**What is required**
The pictures stay out; all of the data is to be printed exactly.

**Information supplied**
----------------------------------------
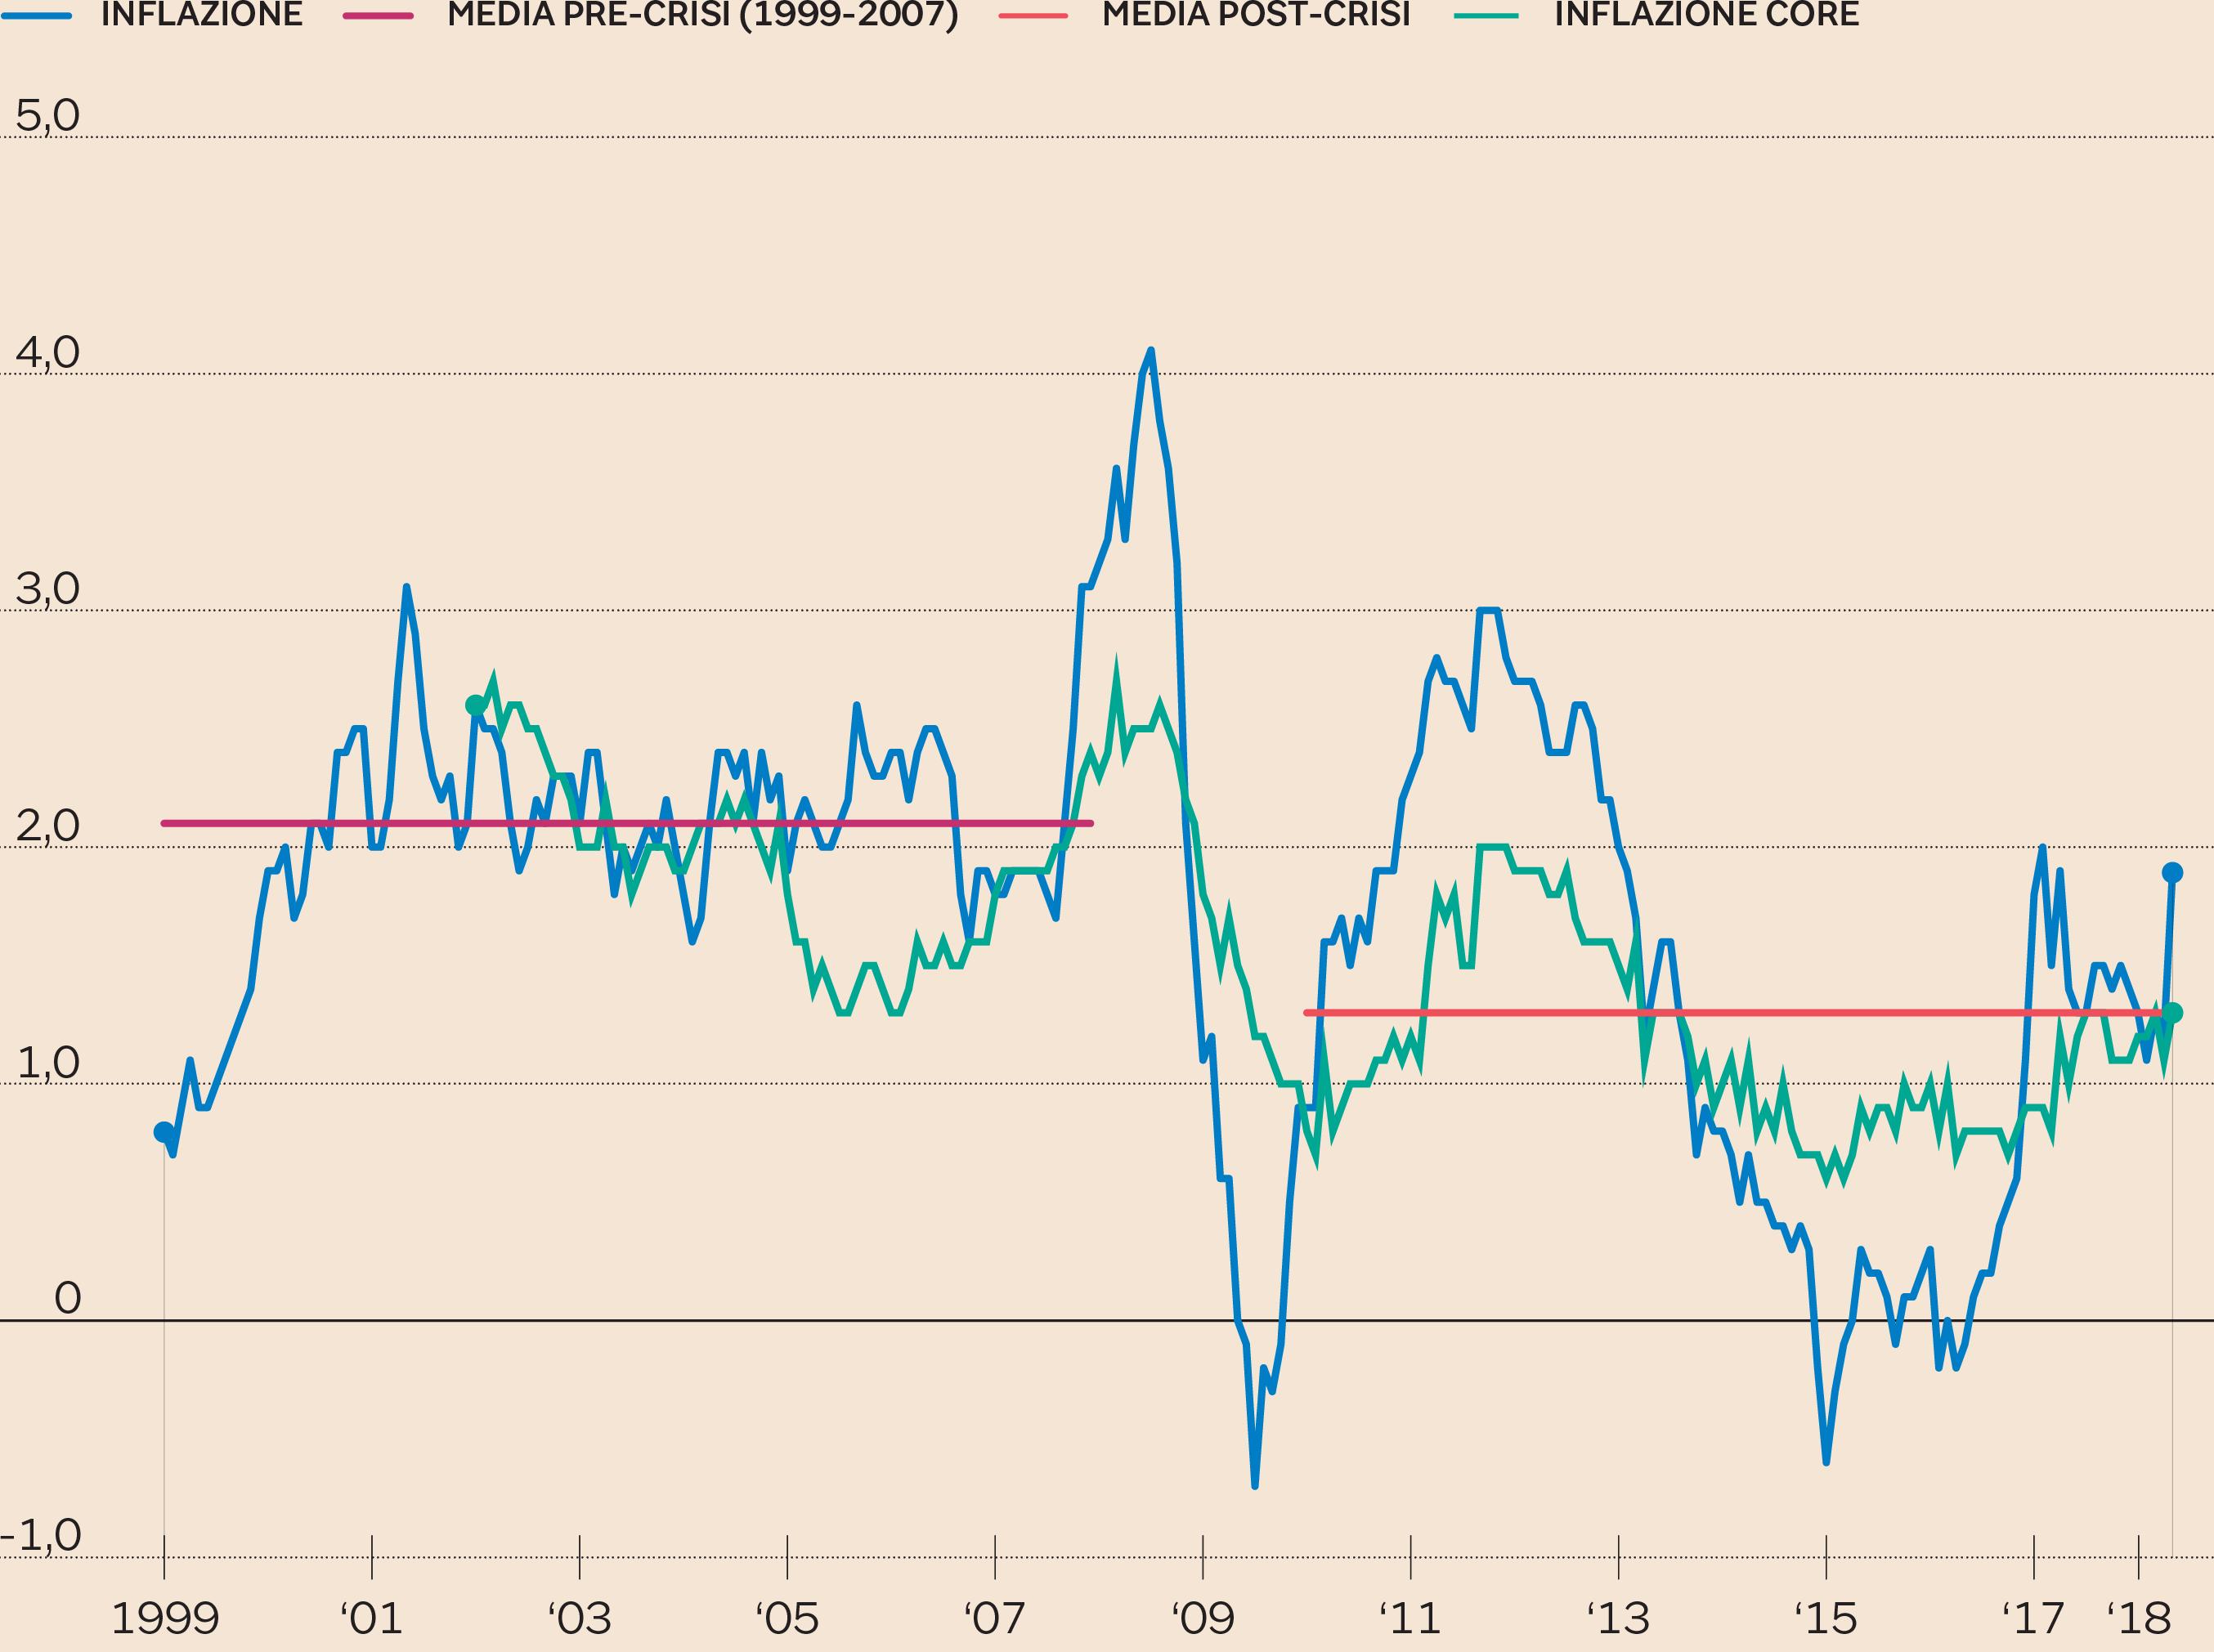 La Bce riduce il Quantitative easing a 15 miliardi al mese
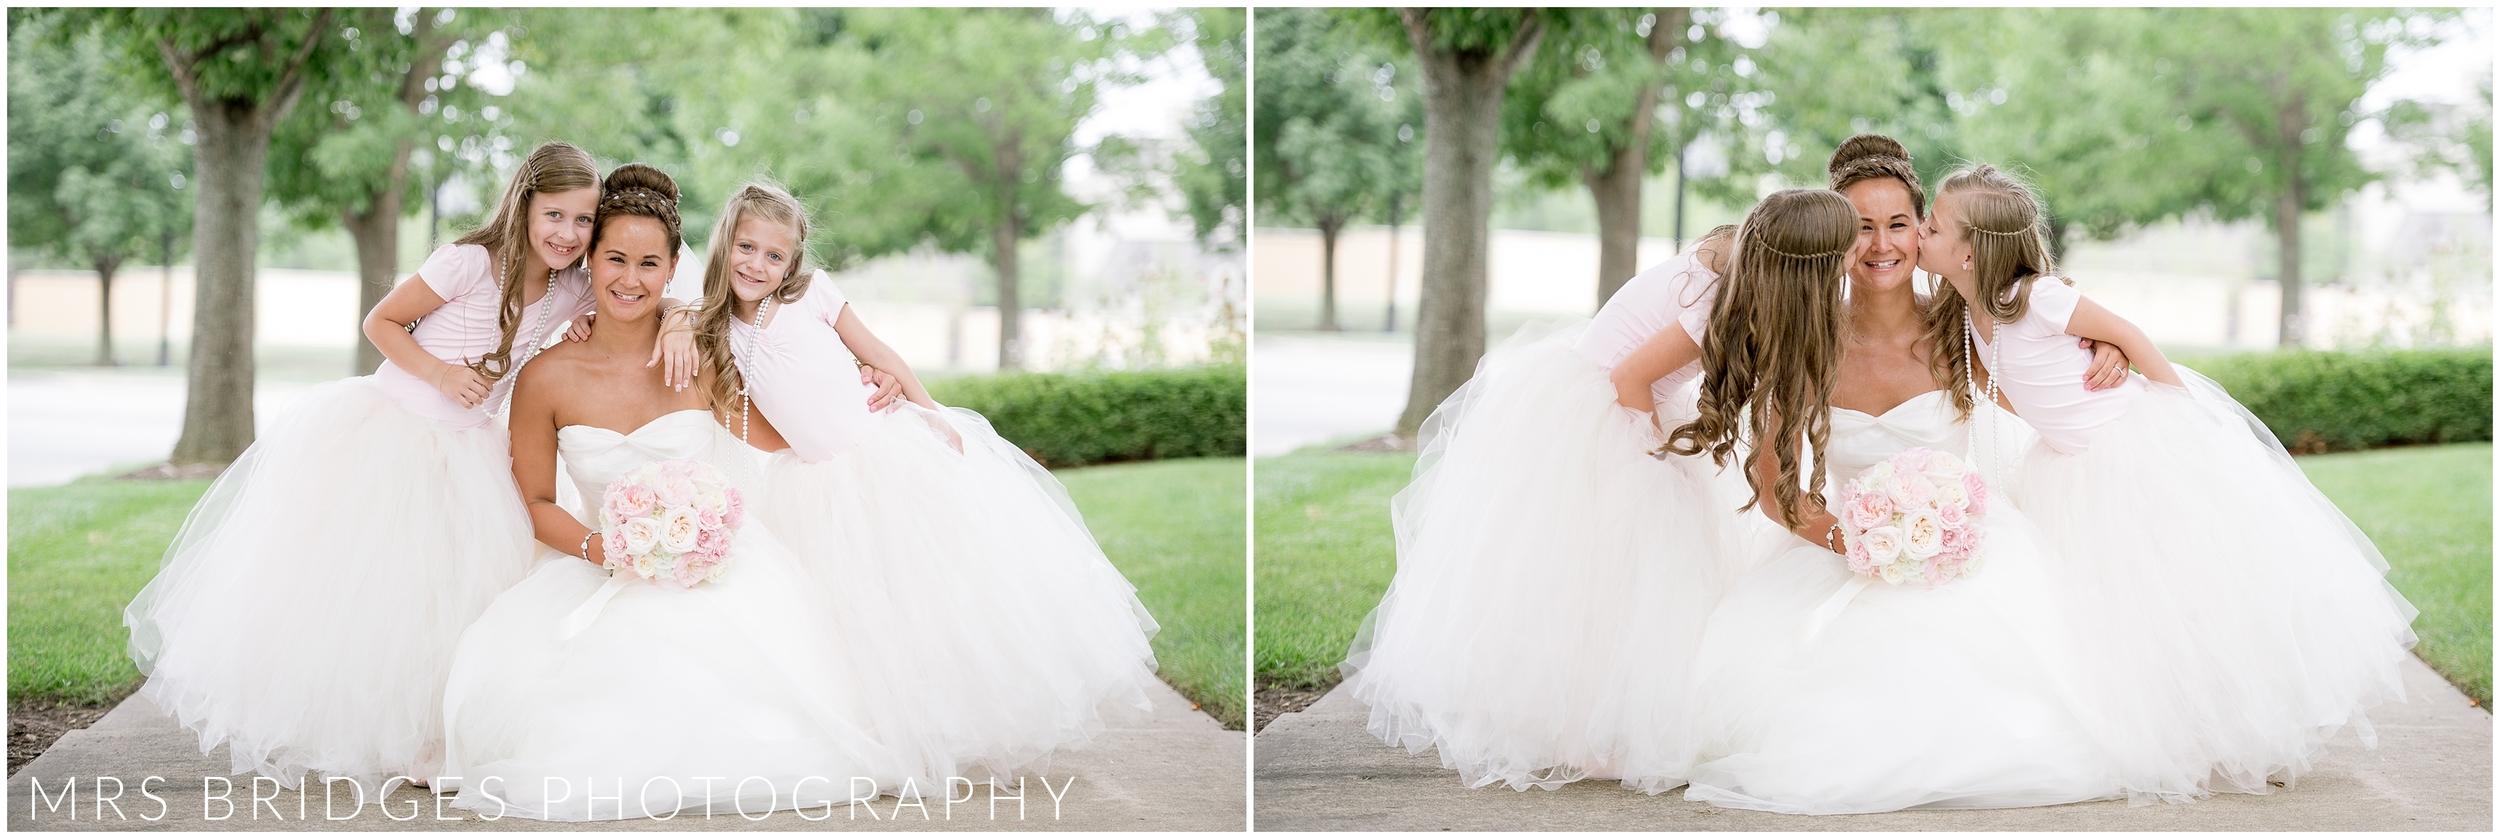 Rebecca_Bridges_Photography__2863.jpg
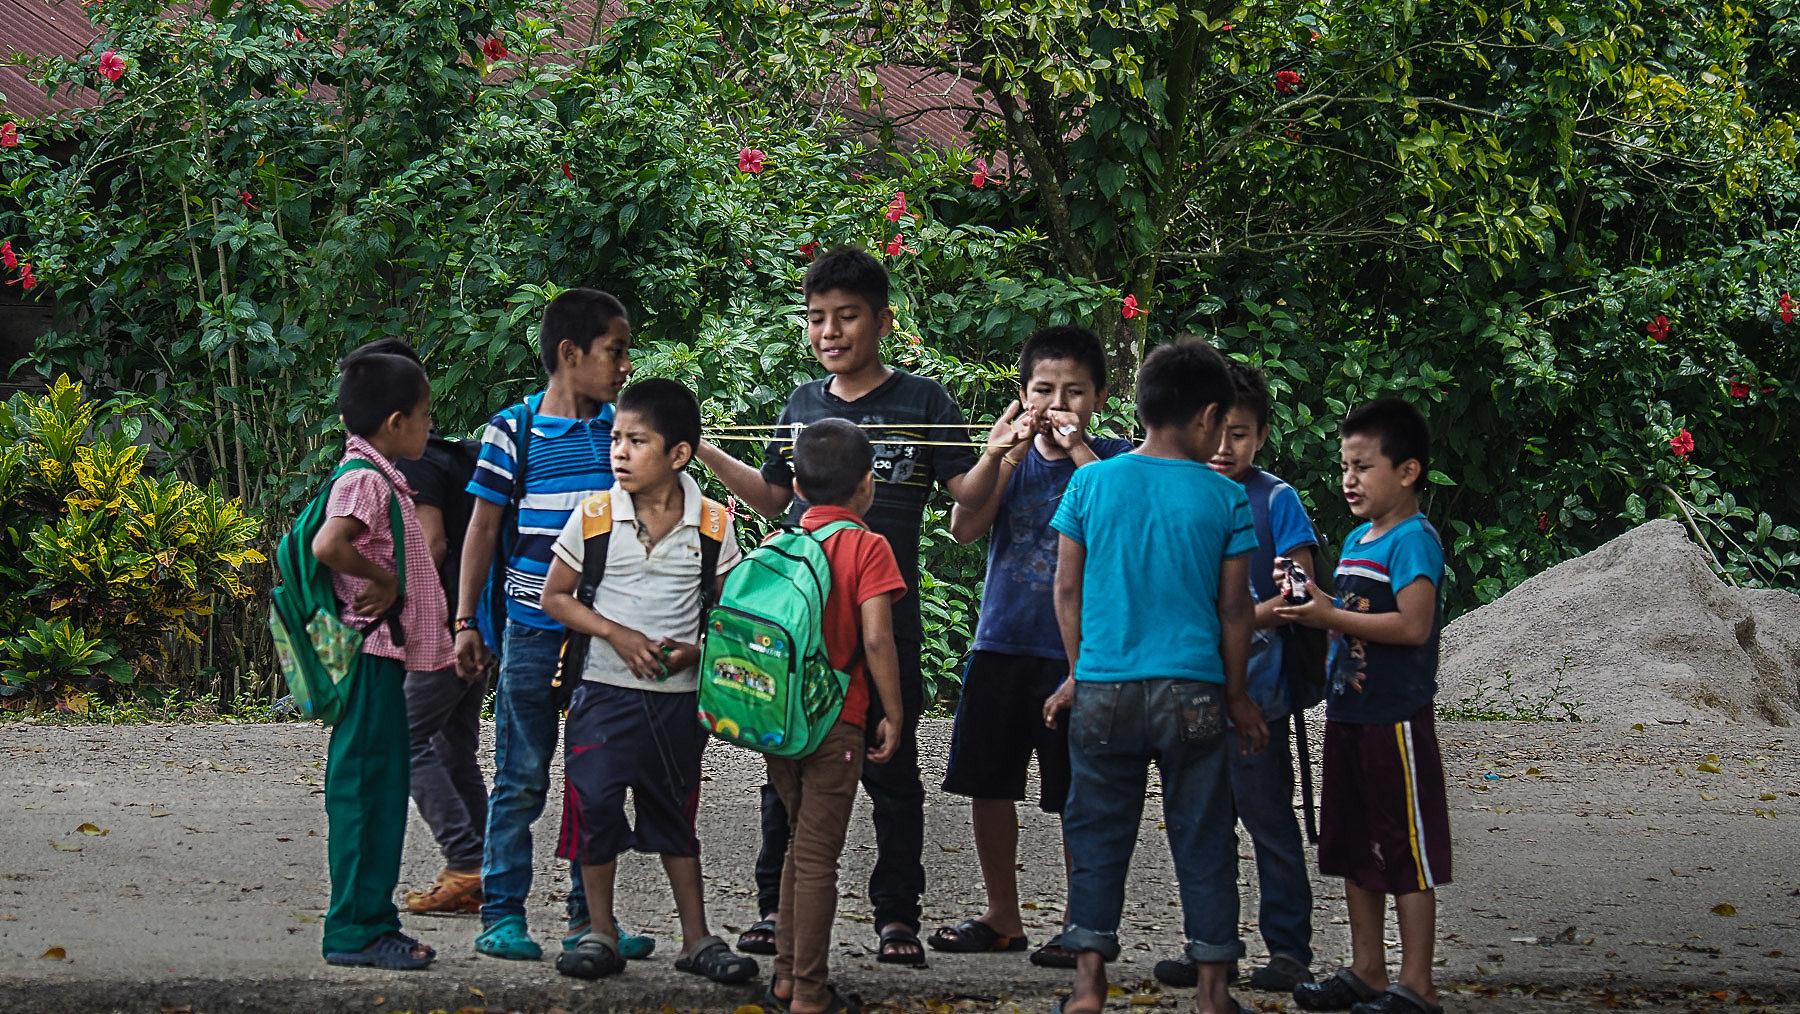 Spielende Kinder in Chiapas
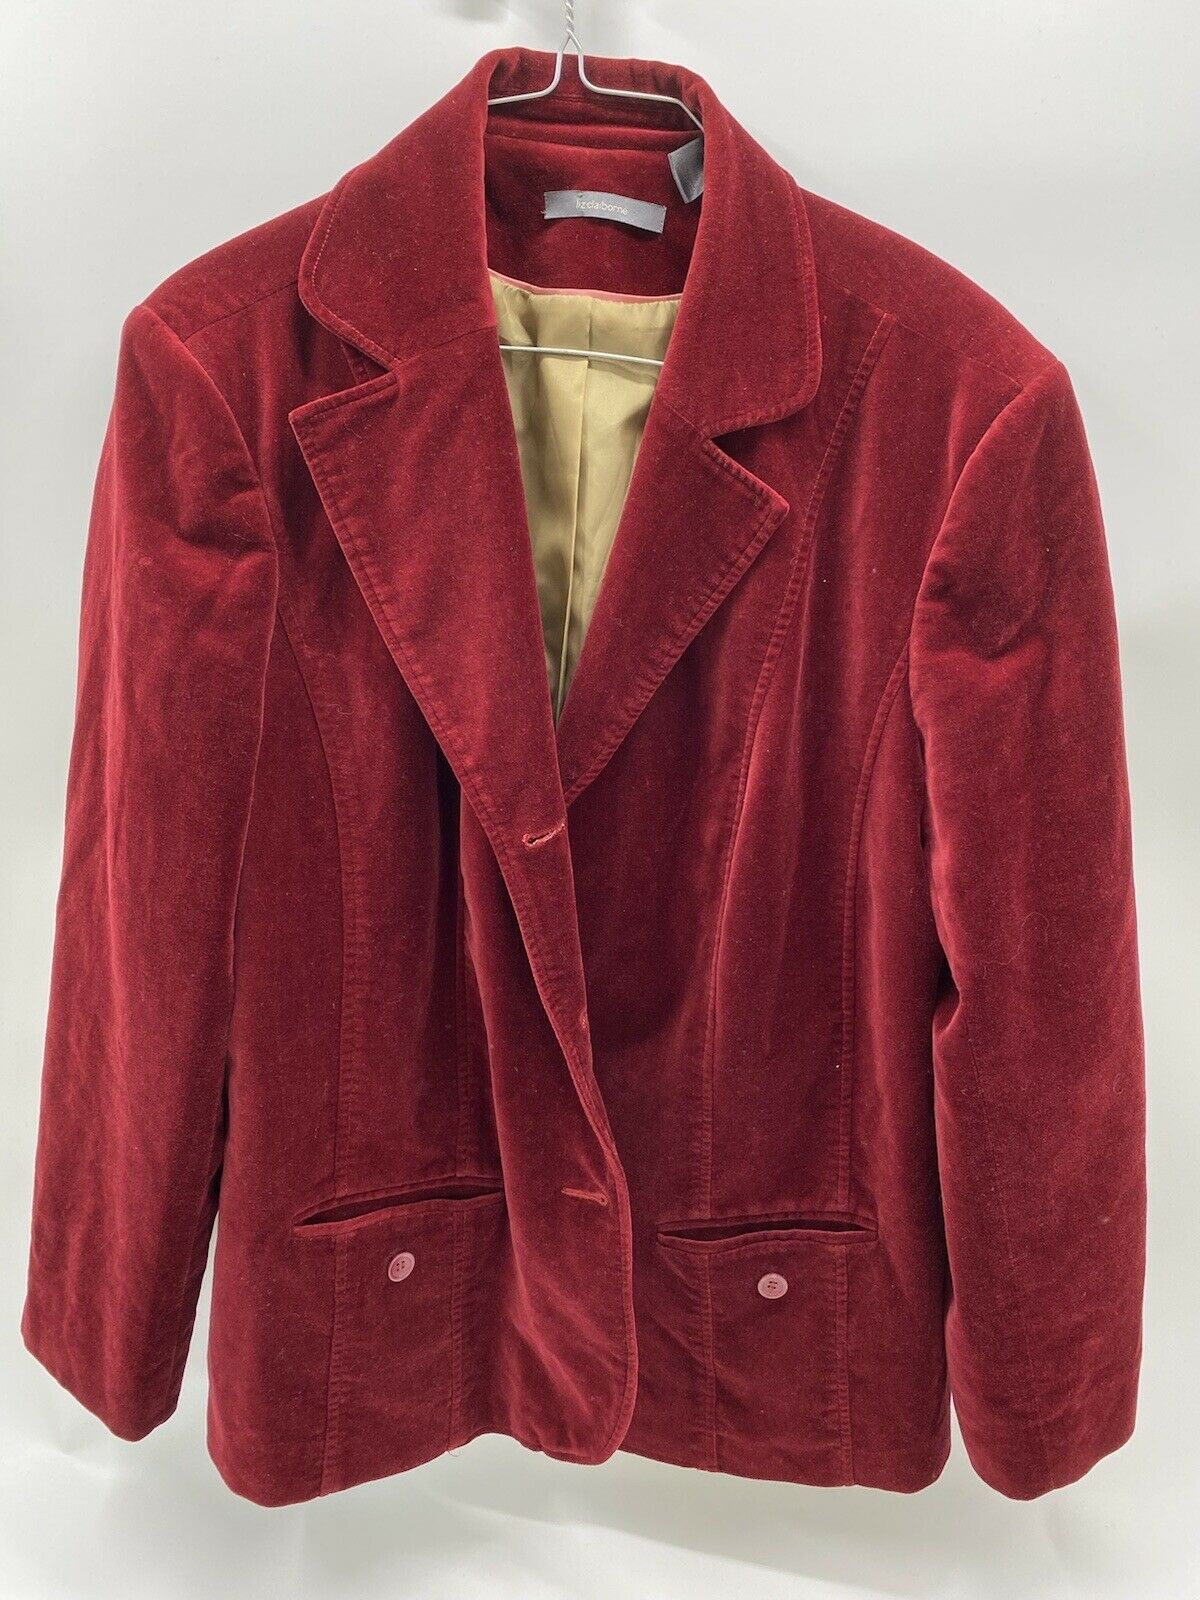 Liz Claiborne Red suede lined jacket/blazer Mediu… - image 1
----------------------------------------
**Answer section**
 La Bce riduce il Quantitative easing a 15 miliardi al mese
 Rebecca_Bridges_Photography__2863.jpg
 Spielende Kinder in Chiapas
 Liz Claiborne Red suede lined jacket/blazer Mediu… - image 1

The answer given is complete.